Tous les réseaux ou plexus de fibres corticales ne se ressemblent point. Leur entrelacement varie suivant les espèces de plantes ou d’arbres. La Figure 8 offre celui du tilleul ; la Figure 9, celui du peuplier ; la Figure 12, celui de l’arbre à dentelle que tout le monde connoît ; & la Figure 13, celui du palmier.

Revenons à présent au tissu cellulaire qui se trouve dans les mailles ou les interstices du réseau cortical. Malpighi & Grew l’ont regardé comme un simple amas d’utricules ou de vésicules de différentes formes, situes à côté les uns des autres, & diminuant toujours insensiblement d’épaisseur depuis l’épiderme jusqu’au bois. M. Duhamel ne paroît pas être du même sentiment, & il a reconnu au microscope que ces petites vessies étoient entrelacées par quantité de fibres d’une finesse extrême. J’adopte d’autant plus volontiers son idée, que je me suis assuré que le tissu cellulaire étoit absolument de même nature que l’enveloppe cellulaire, que par conséquent ce n’étoit qu’un parenchyme ou un corps spongieux, résultant de l’entrelacement en toutes sortes de sens, de petites fibres qui contiennent à la vérité, dans leurs interstices, de petits corps globuleux, qui ne sont peut-être que les molécules isolées de la sève ou des sucs. La couleur du tissu cellulaire varie dans les différens arbres, mais elle est plus communément verte.

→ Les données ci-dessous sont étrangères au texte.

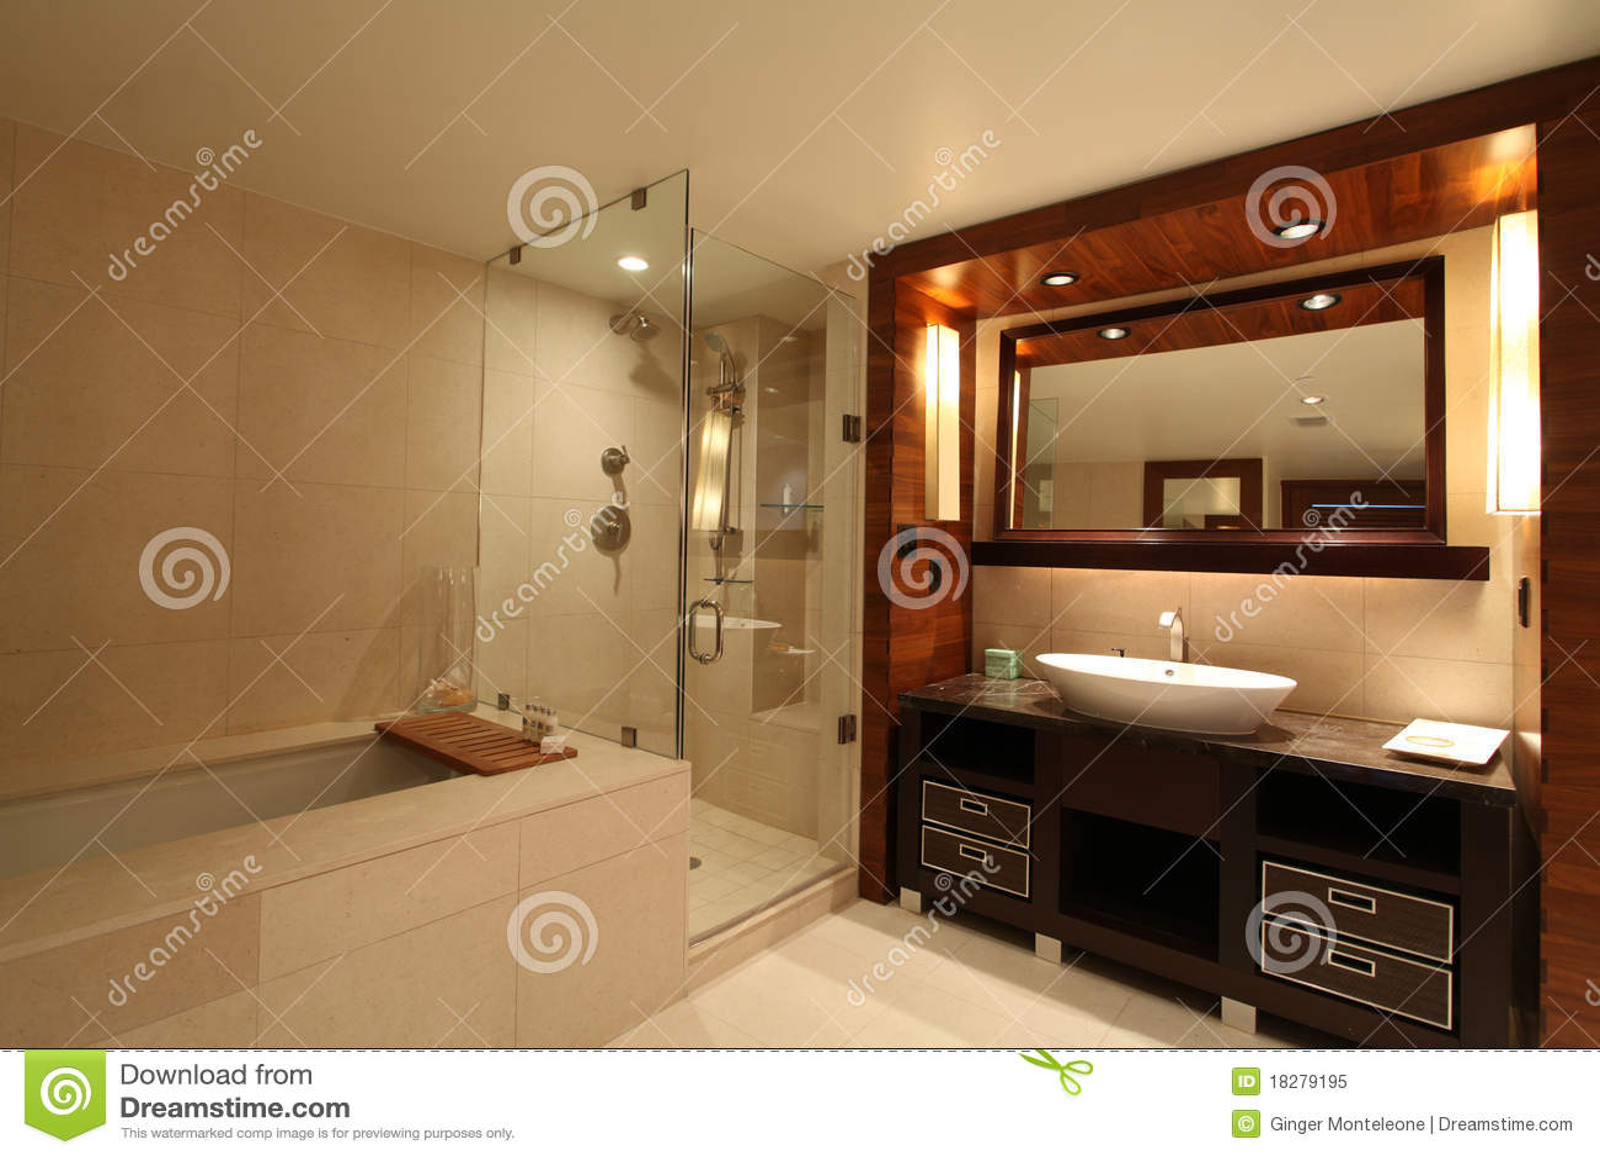 Romantic Bathroom Royalty Free Stock Photo Image 18279195

Nous n’avons considéré jusqu’à présent les fibres corticales que comme de simples fibres ; mais il ne faut pas oublier que ce sont de vrais vaisseaux, des tubes par lesquels montent & descendent les différens sucs qui doivent nourrir & entretenir la plante. Dans l’écorce, ils sont de deux espèces, comme nous l’avons déjà dit, les vaisseaux lymphatiques qui sont les plus communs, & qui forment, à proprement parler, le réseau cortical ; ils servent à transporter, dans les différentes parties, la sève ascendante & descendante ; & les vaisseaux propres dans lesquels circule seulement le suc propre à chaque plante. On les distingue facilement des premiers, & par leur grosseur ordinairement assez considérable pour laisser échapper la liqueur dont ils sont remplis lorsqu’on les coupe, & par leur couleur qui est communément différente de celle des vaisseaux lymphatiques. M. Mariotte a donné une description assez exacte de ces vaisseaux, quoiqu’il les ait comparés, assez mal à propos, aux artères des animaux : « ces canaux sont enfilés, dit-il, par une fibre ligneuse blanche, qui se peut séparer en plusieurs filamens. On apperçoit une membrane à l’entour de ces petits canaux, qui les sépare du reste de la tige, & en fait comme un petit tuyau ; & entre chacune des fibres de cette membrane, il y a une matière spongieuse, adhérente à la membrane, & remplie de suc coloré. On voit une structure semblable dans les feuilles de l’aloès, coupées en travers ; car on remarque que le milieu, qui a environ un pouce d’épaisseur, est d’une substance spongieuse, composée d’un grand nombre de membranes confondues ensemble, & remplie d’une humeur aqueuse, claire, & qui a fort peu d’amertume. On remarque aussi que le tissu (cellulaire) est couvert d’une écorce verte dans l’épaisseur de laquelle il y a plusieurs petits canaux noirâtres, disposés selon la longueur des feuilles, & qui ressemblent à ceux des plantes laiteuses. Ces canaux contiennent un suc visqueux, jaunâtre & très-amer, qui en sort abondamment au mois de mai ; mais, dans la pulpe, (tissu cellulaire) il y a plusieurs petits canaux blanchâtres qui apparemment contiennent un autre suc, & qui jettent çà & là de petits rameaux, dont quelques-uns vont se joindre aux tuyaux qui portent le suc jaune & amer. »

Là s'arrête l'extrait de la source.